In the presidential election, key swing state results were trending toward Democratic nominee Joe Biden as vote-counting continued, but nothing was certain. President Donald Trump’s crew had filed legal attacks against the validity of various vote tallies as his supporters – in a “you can’t make this stuff up” moment – were simultaneously chanting “stop the count” where Trump was clinging to a small lead and “count the votes” where he was behind.
Many Democrats were stunned by the lack of a “blue wave” that pollsters and many liberal pundits – we suggest reviewing MSNBC’s ebullient programming from last Monday night – were promising would hand control of the U.S. Senate to the Democrats and impose generational, blue-dominated change on the national electoral map.
There were no shocking results in New Mexico. But, on the Democratic side, there will be lasting tension over the state’s slide a bit back toward purple after going bright blue in the past couple of election cycles. The Republicans won back the congressional seat that had been held by a Democrat for a single two-year term in traditionally red southern New Mexico. And while Democrat Ben Ray Luján, the longtime U.S. House member from northern New Mexico’s 3rd Congressional District, did win New Mexico’s open U.S. Senate seat, his 52% portion of the vote was underwhelming.
But in the races that played out within the cozy, adobe confines of El Norte – north central New Mexico – there was absolutely NO drama. Democrats, as usual, won easy and everywhere.
As noted in this space previously, the GOP in this election year at least made a show of putting up some resistance around here, in the form of candidates on the ballot for legislative positions usually left to Dems alone.
Santa Fe state senators Peter Wirth and Nancy Rodriguez still racked up more than 80% in their races against GOP “challengers.”

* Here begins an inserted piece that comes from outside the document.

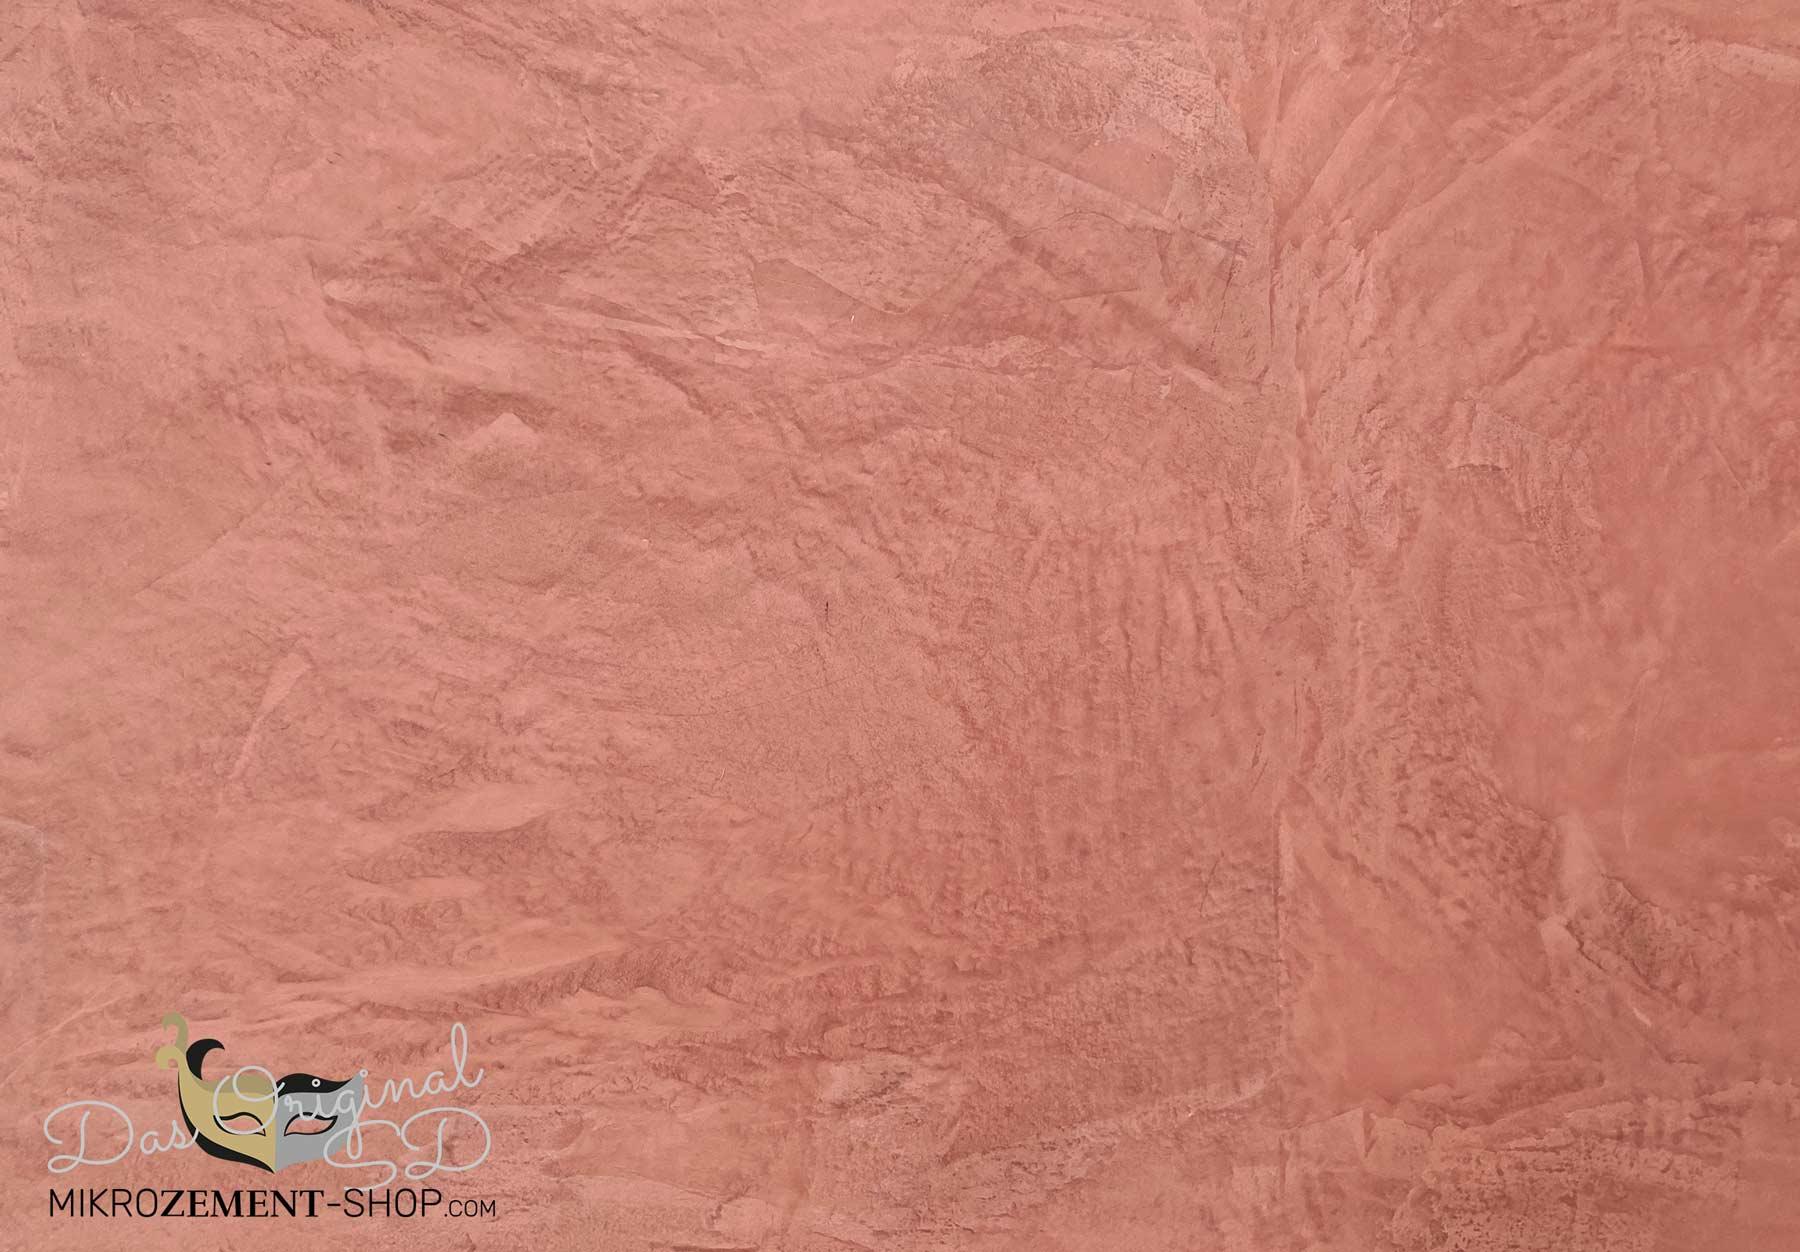 Kupfer Mikrozement

While Republicans made some gains in rural districts in other parts of New Mexico, Democrats on Tuesday likewise won by their standard big margins in non-urban Senate districts of the north – Leo Jaramillo in a district around Española, with 68%, veteran Sen. Pete Campos around Las Vegas, with 65%, and Liz Stefanics in her wide-ranging District 39, with 55%.
North House races were also runaways. First-time candidate Kristina Ortez, a Democrat, blasted the Republican mayor of Red River by taking 74% of the vote in Taos County’s District 42. Democrat Roger Montoya, beloved for his community program in Española that empowers young people through dance and the arts, got 57% in House District 40, which extends over the mountains to Mora, despite the election-season revelation that he’d appeared in porn films decades ago as a struggling actor in his 20s.

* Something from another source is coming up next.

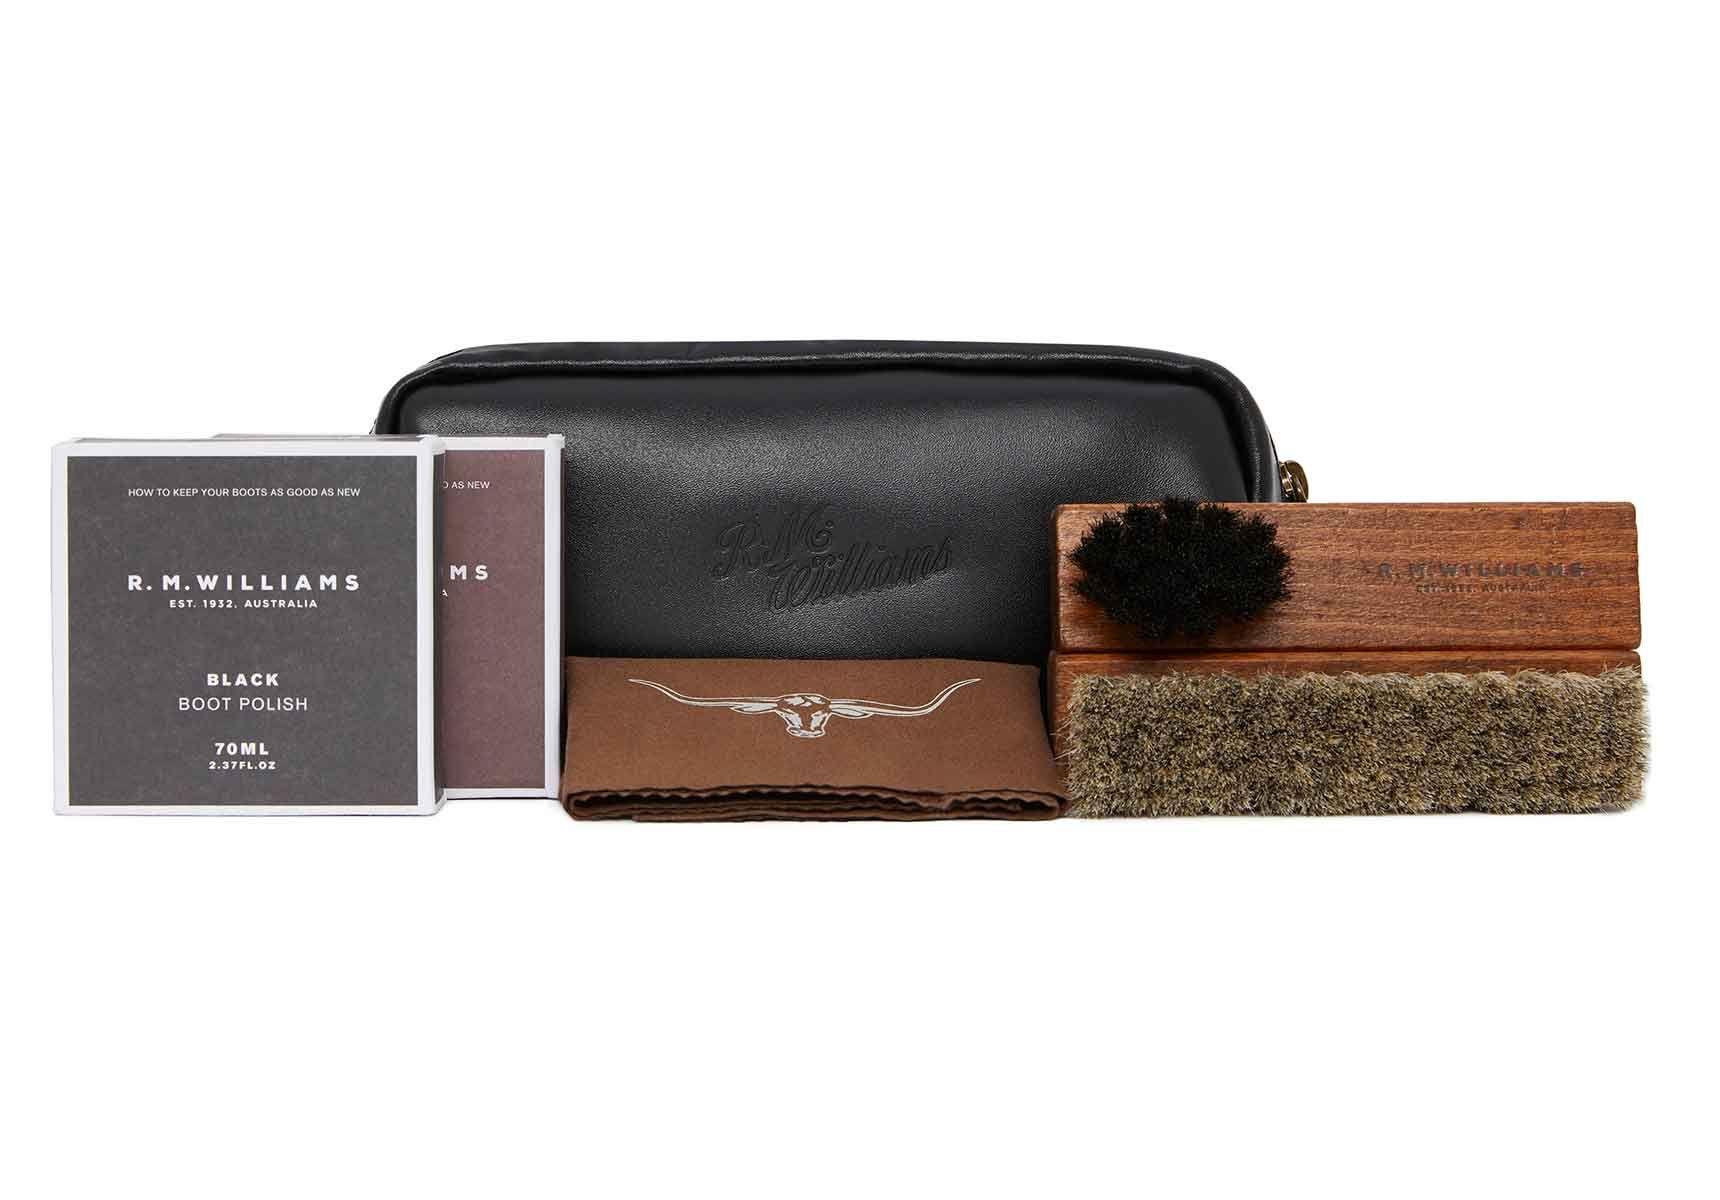 R.M. Williams Leather Travel Care Kit

Democrat District 43 Rep. Christine Chandler beat her Republican opponent with 61% in Los Alamos, which until recent years was a GOP stronghold. This time, though, Los Alamos didn’t go totally blue from the top of the ballot to the bottom, as it did in 2018. Los Alamos County again voted overwhelmingly Democratic in all federal and state races, including for judgeships. But in a six-candidate contest for three Los Alamos County Council seats, a Republican nabbed one seat by coming in second. Democrats finished first and third to get the other two positions.
(We’ll say again today that having someone at the top of the Republican ticket who believes and advocates for science just might go a long way toward recovery of the GOP in the home of the nation’s pre-eminent science laboratory.)
In northern New Mexico’s open congressional race, Democrat Teresa Leger Fernandez, as expected, trounced Republican Alexis Johnson 59% to 41%.
Don’t call the 2020 Democratic victories in El Norte a blue wave. They merely represent retention of the status quo.
Republicans continue to say they believe there is a substantial storehouse of conservatism in northern New Mexico, particularly among local Catholics, on the abortion issue that someday can be tapped for election victories.
What is clear at this point is that it will take something more than merely listing candidates on the ballot – such as money, maybe – for Republicans to make a dent in New Mexico’s version of the “blue wall.”